= Description of the task =
Set the listing down again in full, word for word, with the pictures left out.

= Recorded data =
···
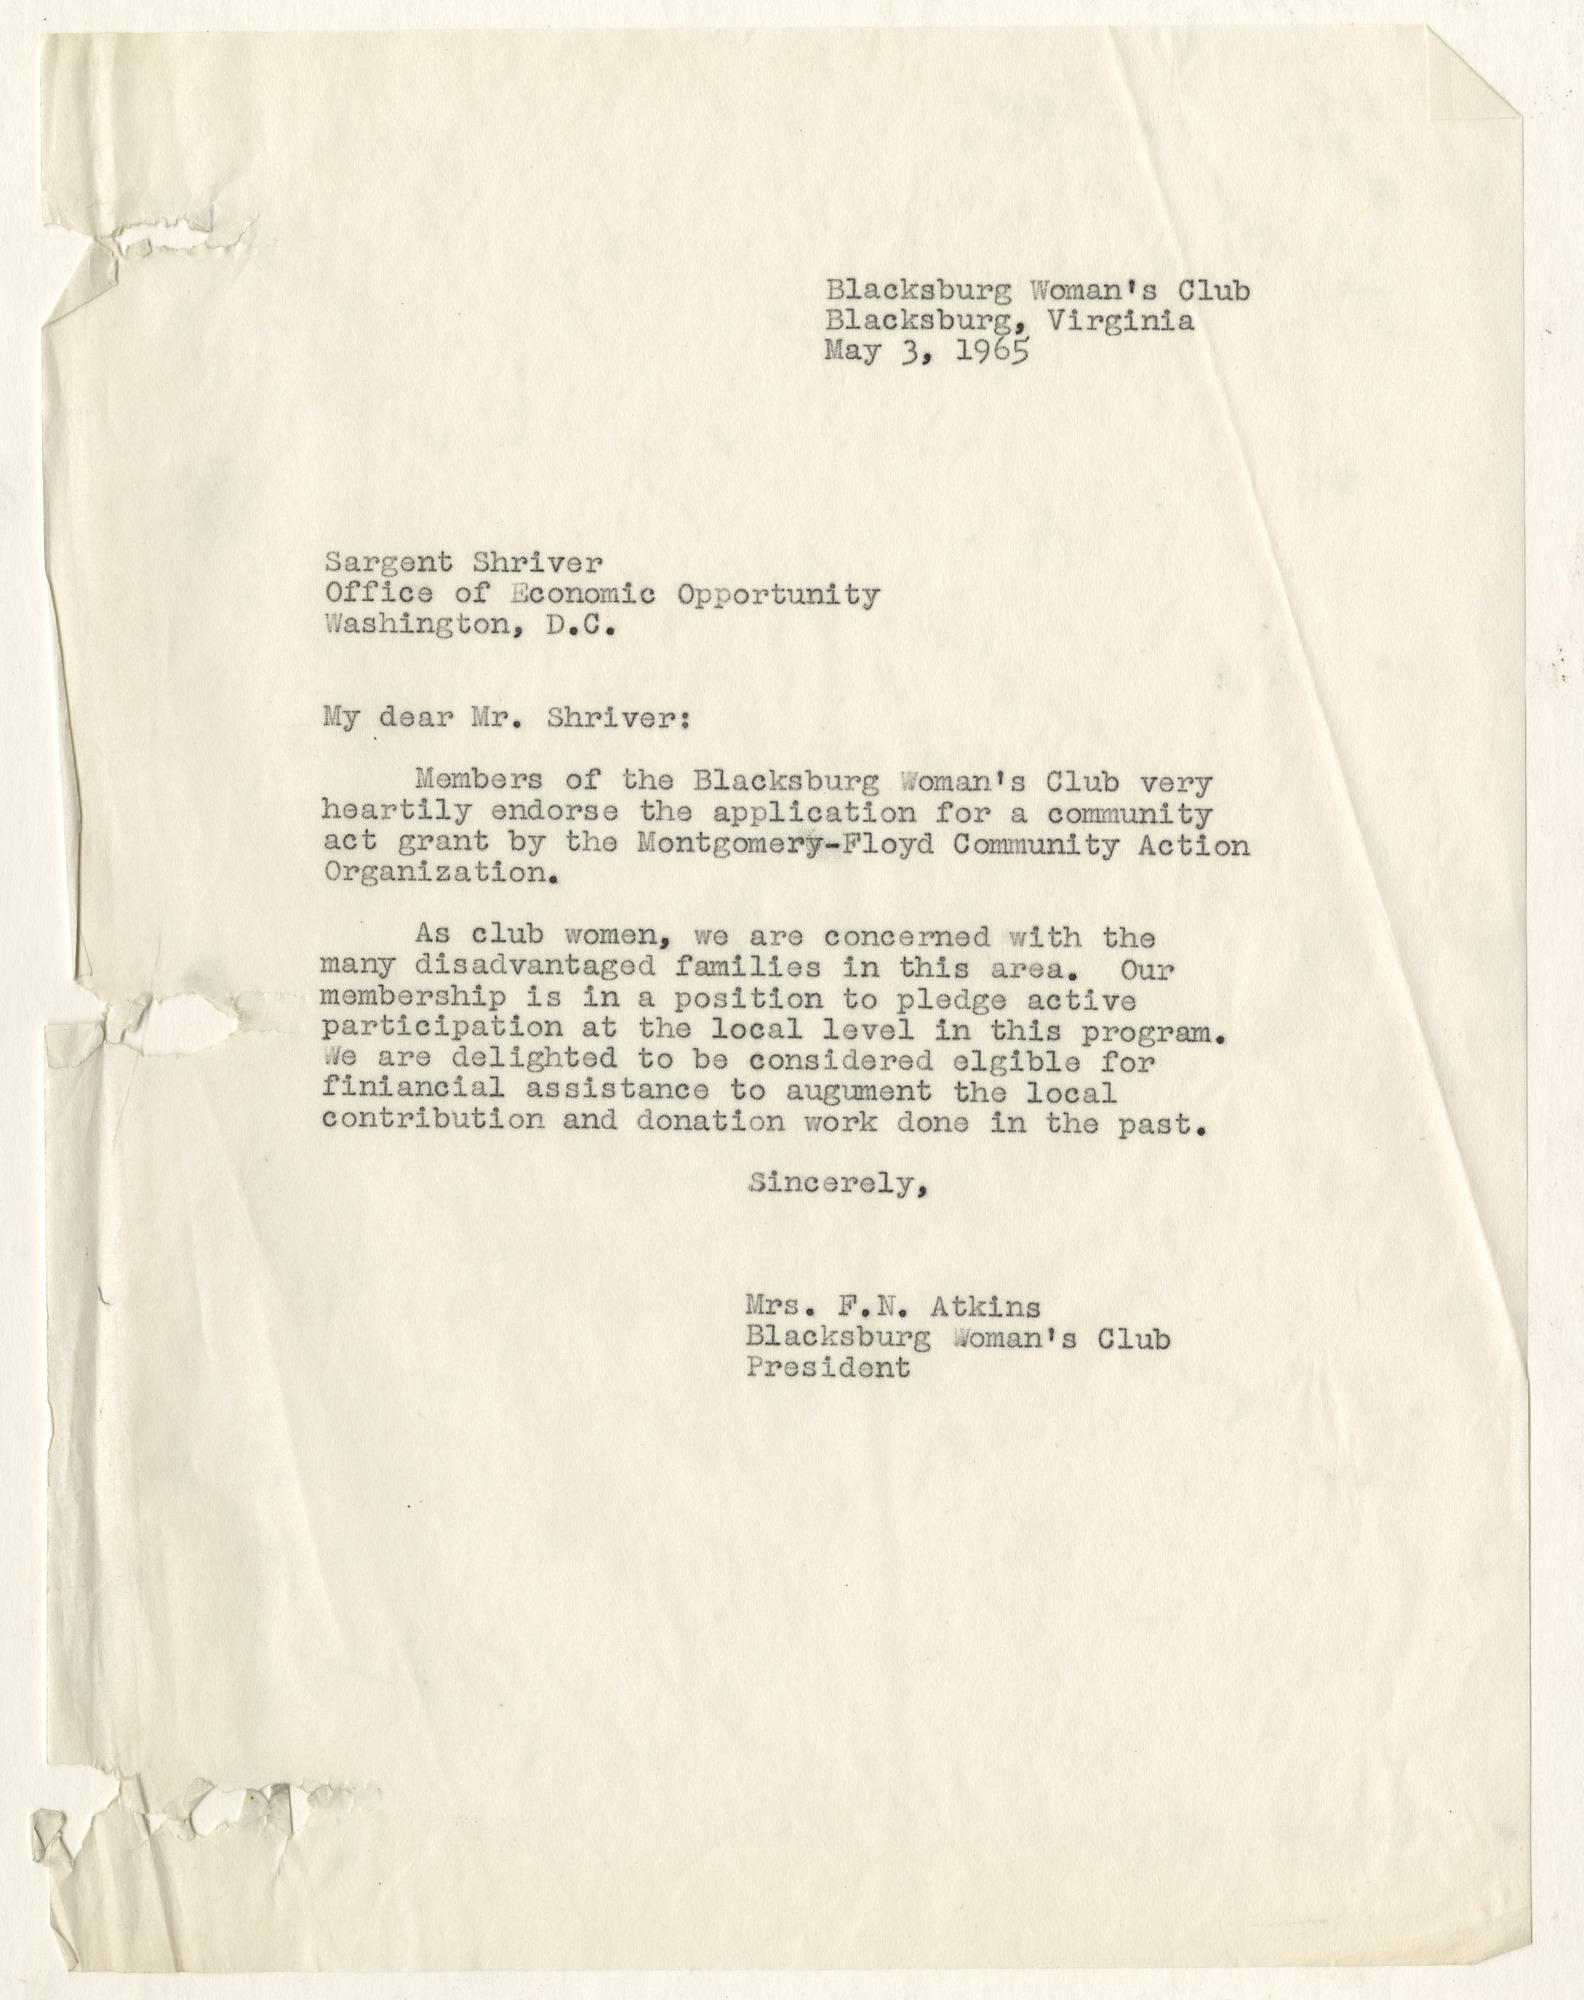 Ms1963-002_BlacksburgWomansClub_B1F1_Correspondence_1965_0505.jpg
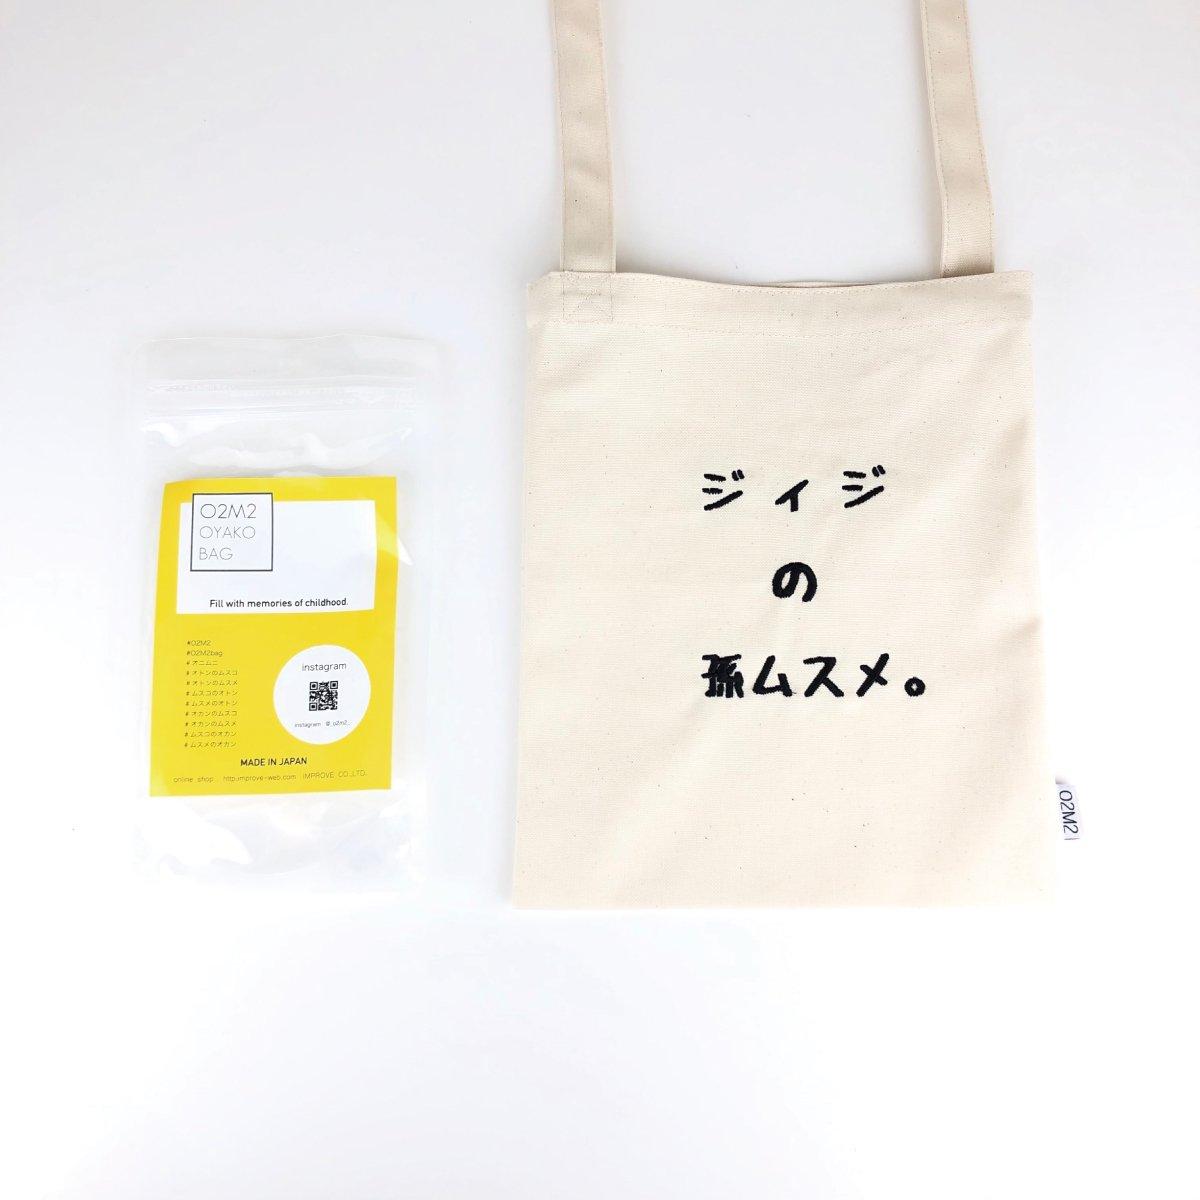 Cotton HF Sacoche(孫・ジィジ&バァバシリーズ) 詳細画像5
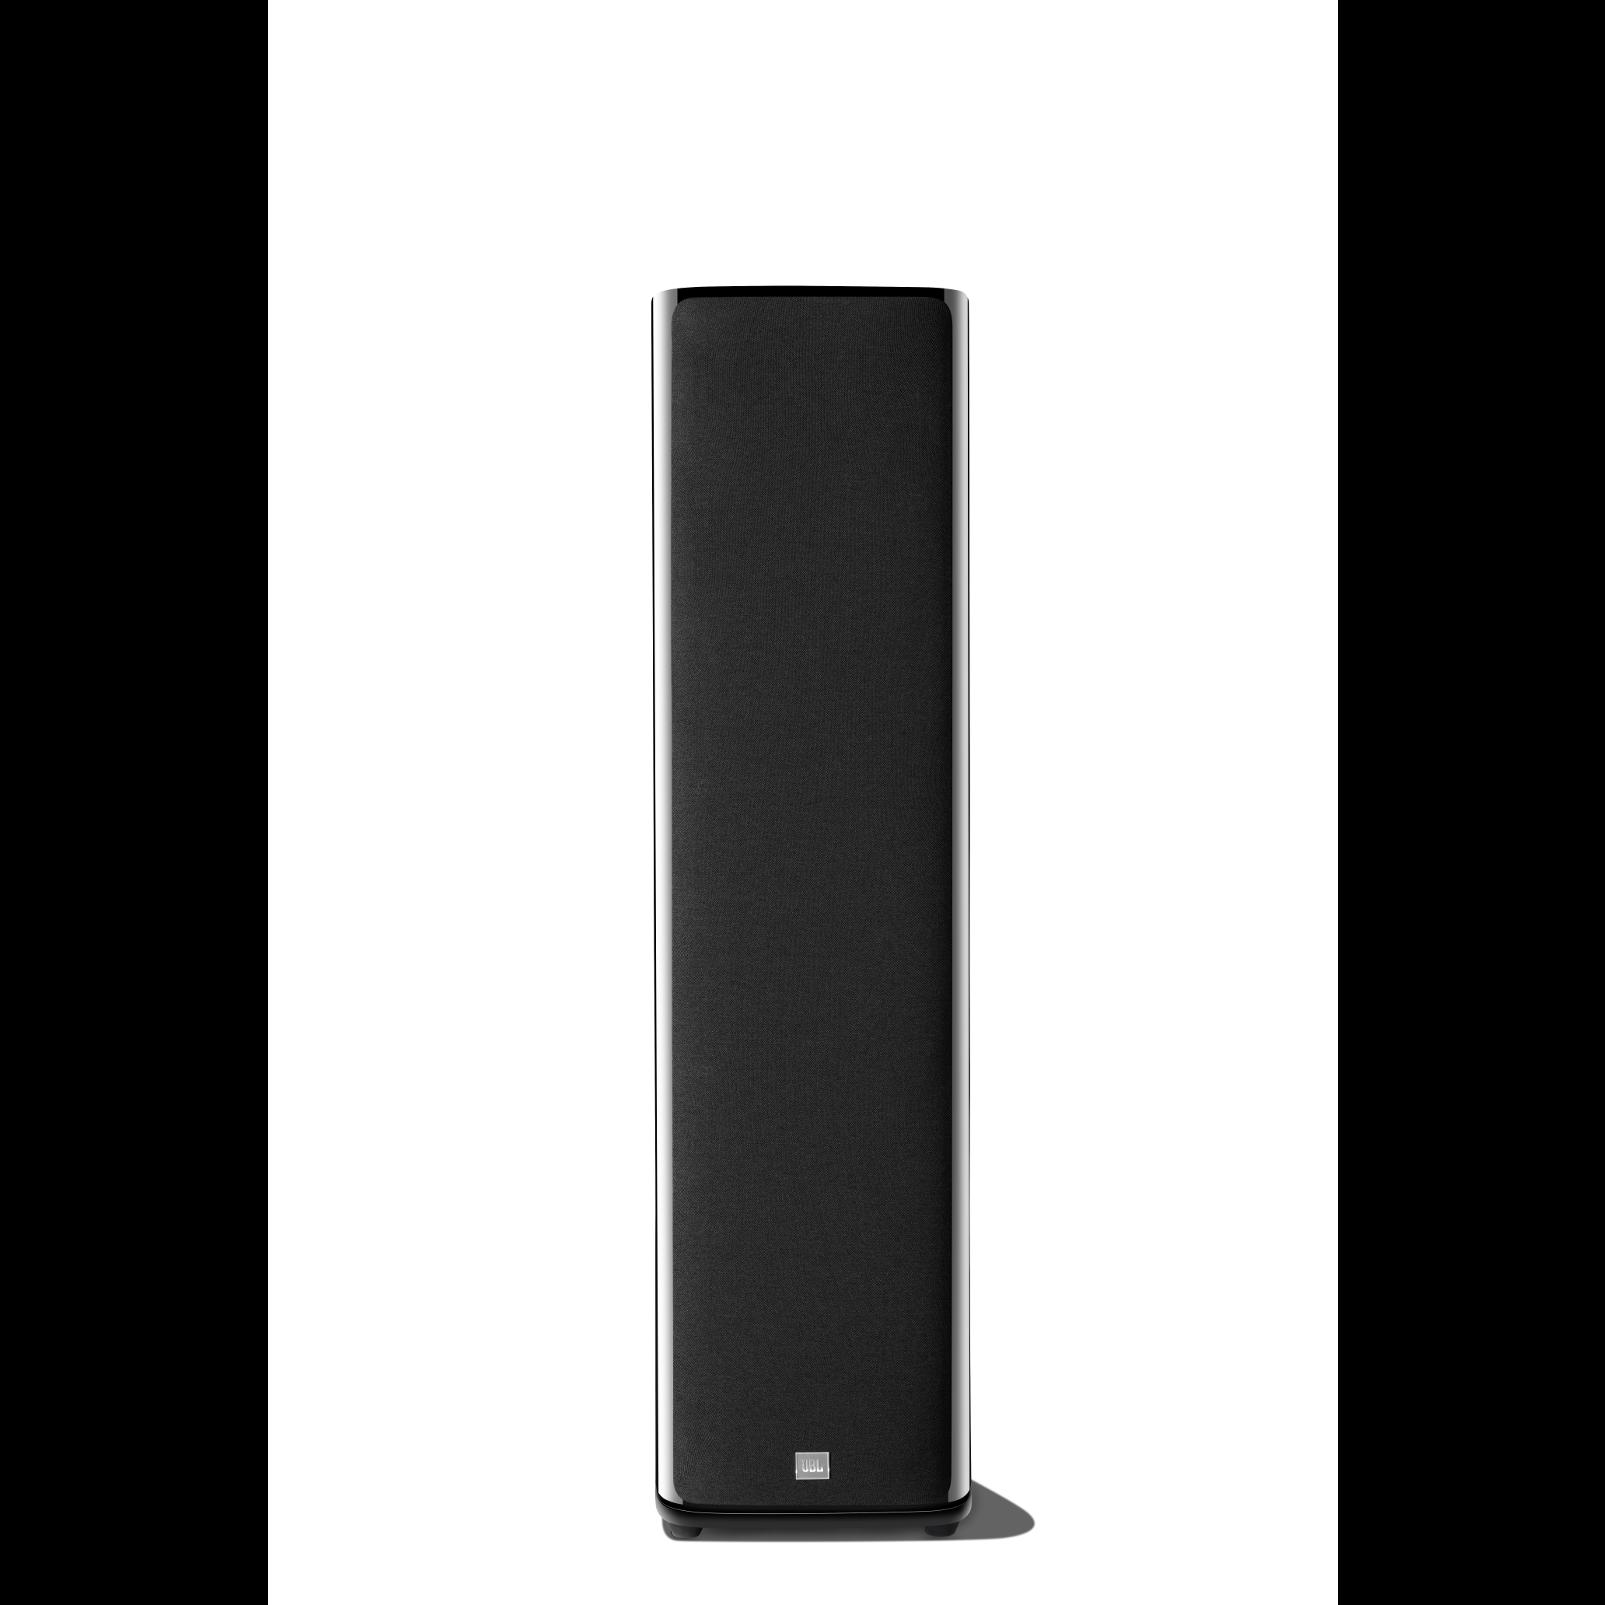 HDI-3800 - Black Gloss - 2 ½-way Triple 8-inch (200mm) Floorstanding Loudspeaker - Front
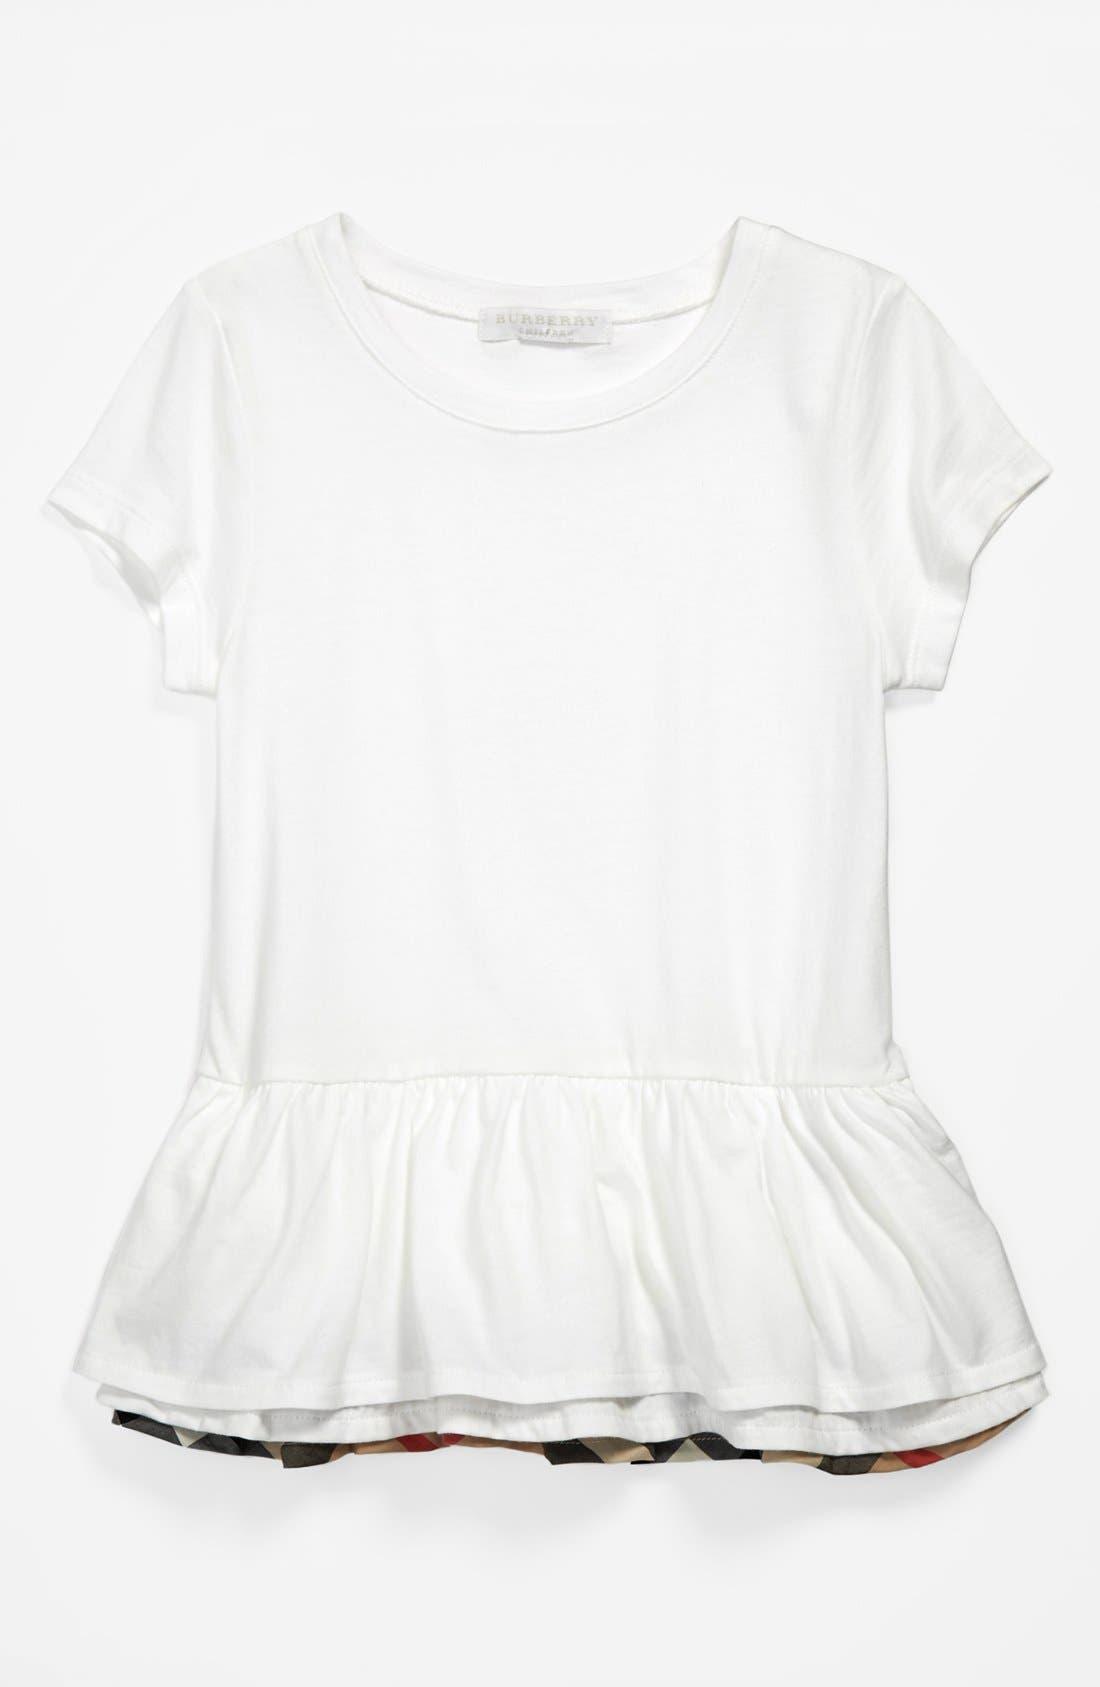 Main Image - Burberry 'Tyna' Tiered Ruffle Hem Top (Little Girls & Big Girls)
···
= Exercise output =
 Ms1963-002_BlacksburgWomansClub_B1F1_Correspondence_1965_0505.jpg
 Cotton HF Sacoche(孫・ジィジ&バァバシリーズ) 詳細画像5
 HDI-3800 - Black Gloss - 2 ½-way Triple 8-inch (200mm) Floorstanding Loudspeaker - Front
 Main Image - Burberry 'Tyna' Tiered Ruffle Hem Top (Little Girls & Big Girls)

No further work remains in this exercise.